SUPPLIED DATA
[Start of section]

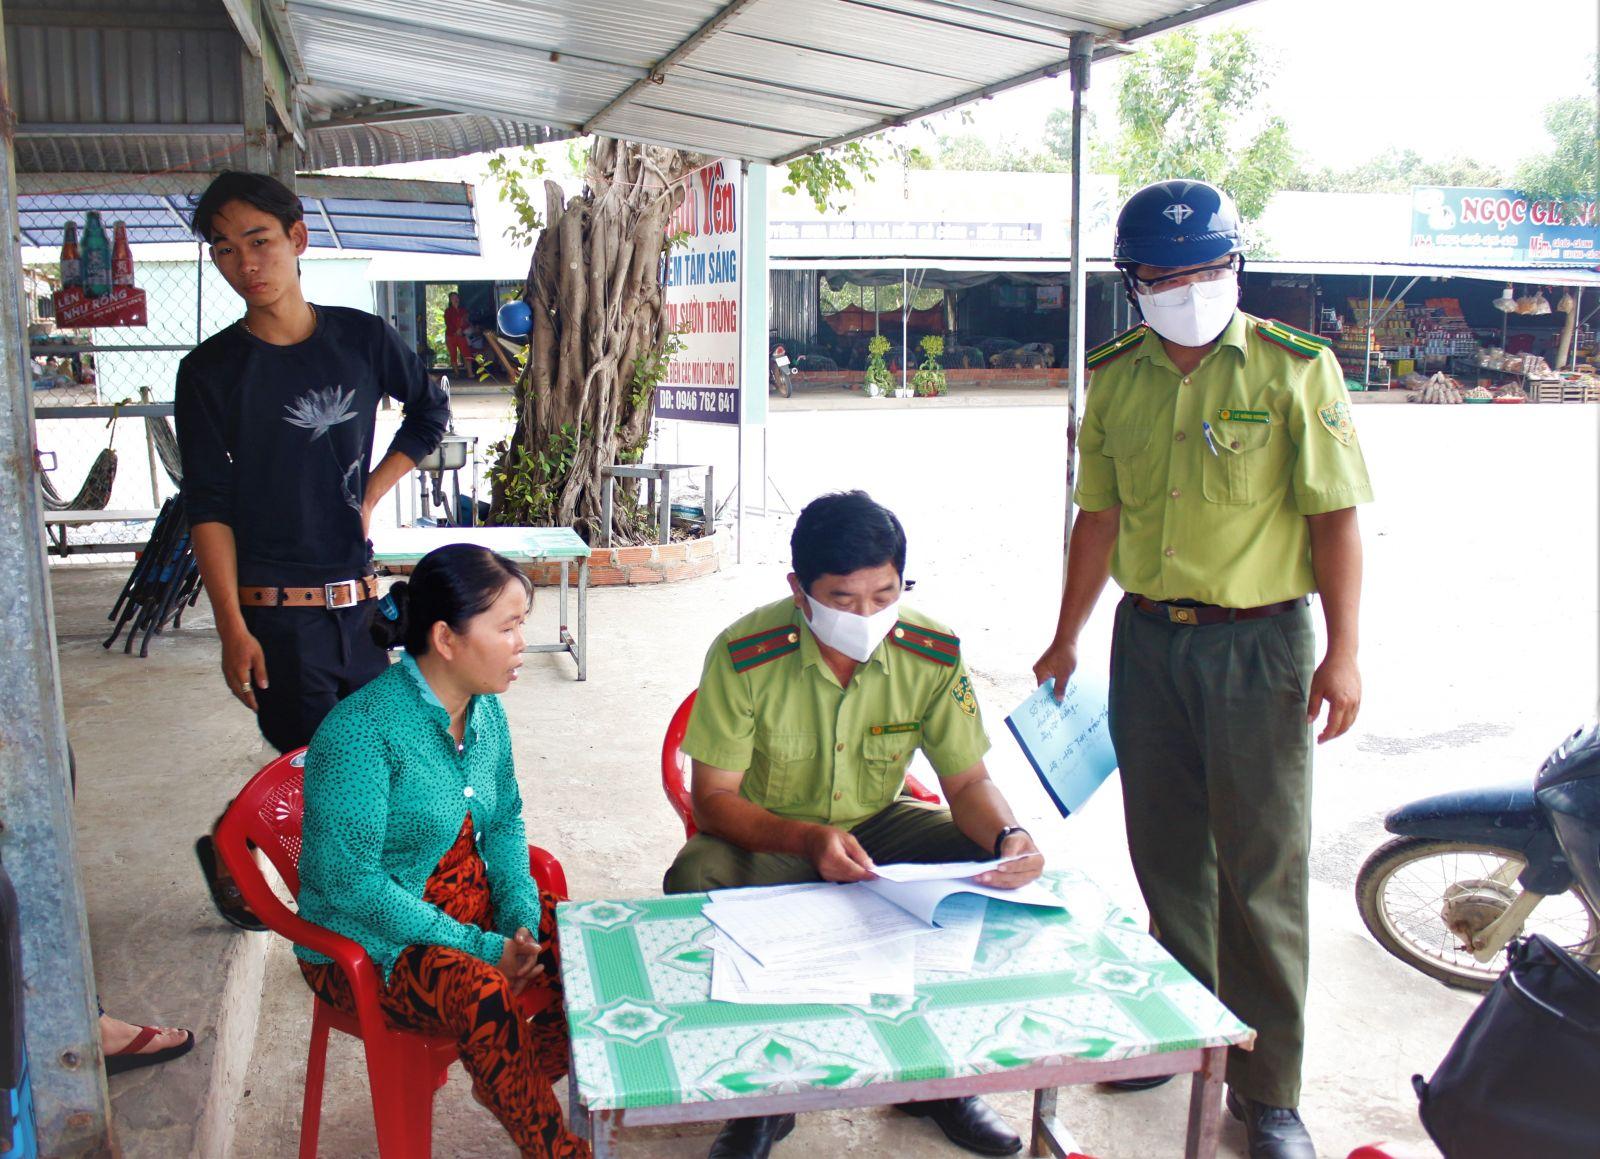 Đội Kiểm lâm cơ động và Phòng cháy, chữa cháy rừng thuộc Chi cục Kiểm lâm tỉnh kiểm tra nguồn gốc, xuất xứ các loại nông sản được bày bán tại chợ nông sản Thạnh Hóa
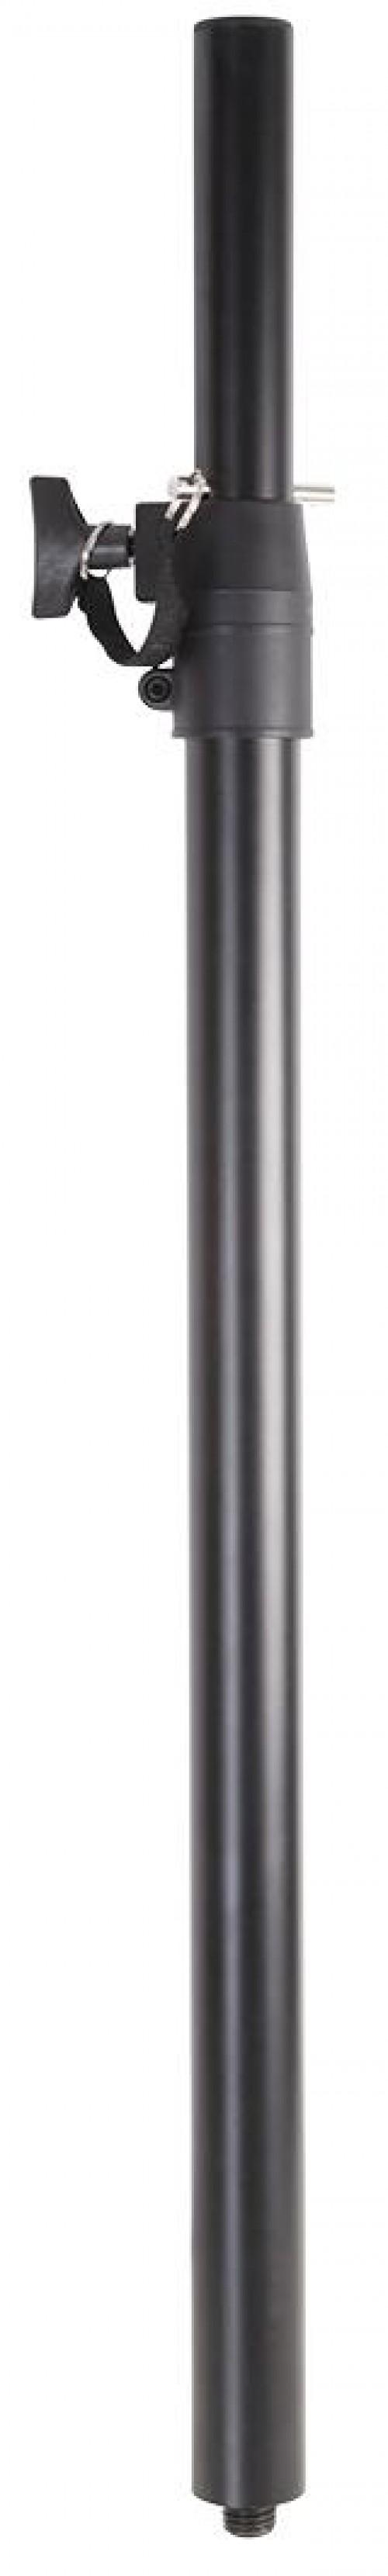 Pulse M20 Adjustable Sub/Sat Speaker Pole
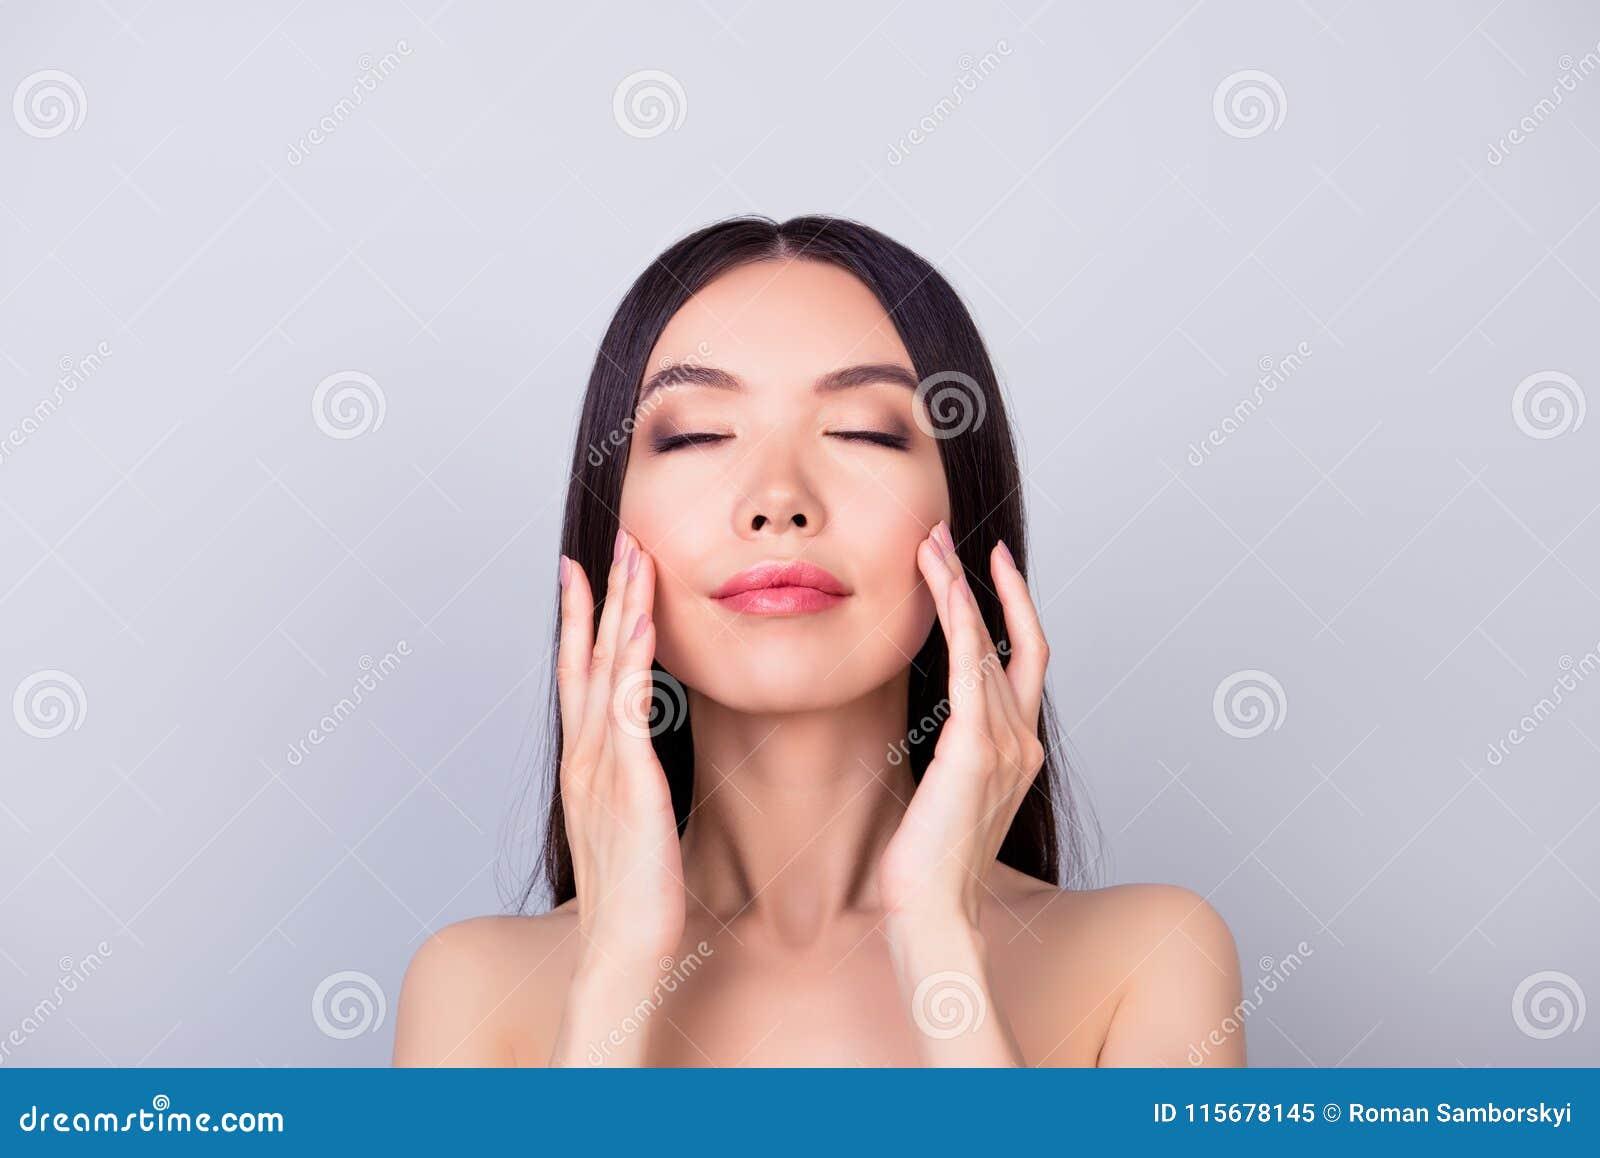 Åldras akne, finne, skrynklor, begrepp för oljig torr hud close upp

[End of section]

EXERCISE AIM
Exact copy, pictures removed: set down the whole listing above.

SOLUTION TO THIS EXERCISE
 Đội Kiểm lâm cơ động và Phòng cháy, chữa cháy rừng thuộc Chi cục Kiểm lâm tỉnh kiểm tra nguồn gốc, xuất xứ các loại nông sản được bày bán tại chợ nông sản Thạnh Hóa
 Pulse M20 Adjustable Sub/Sat Speaker Pole
 Åldras akne, finne, skrynklor, begrepp för oljig torr hud close upp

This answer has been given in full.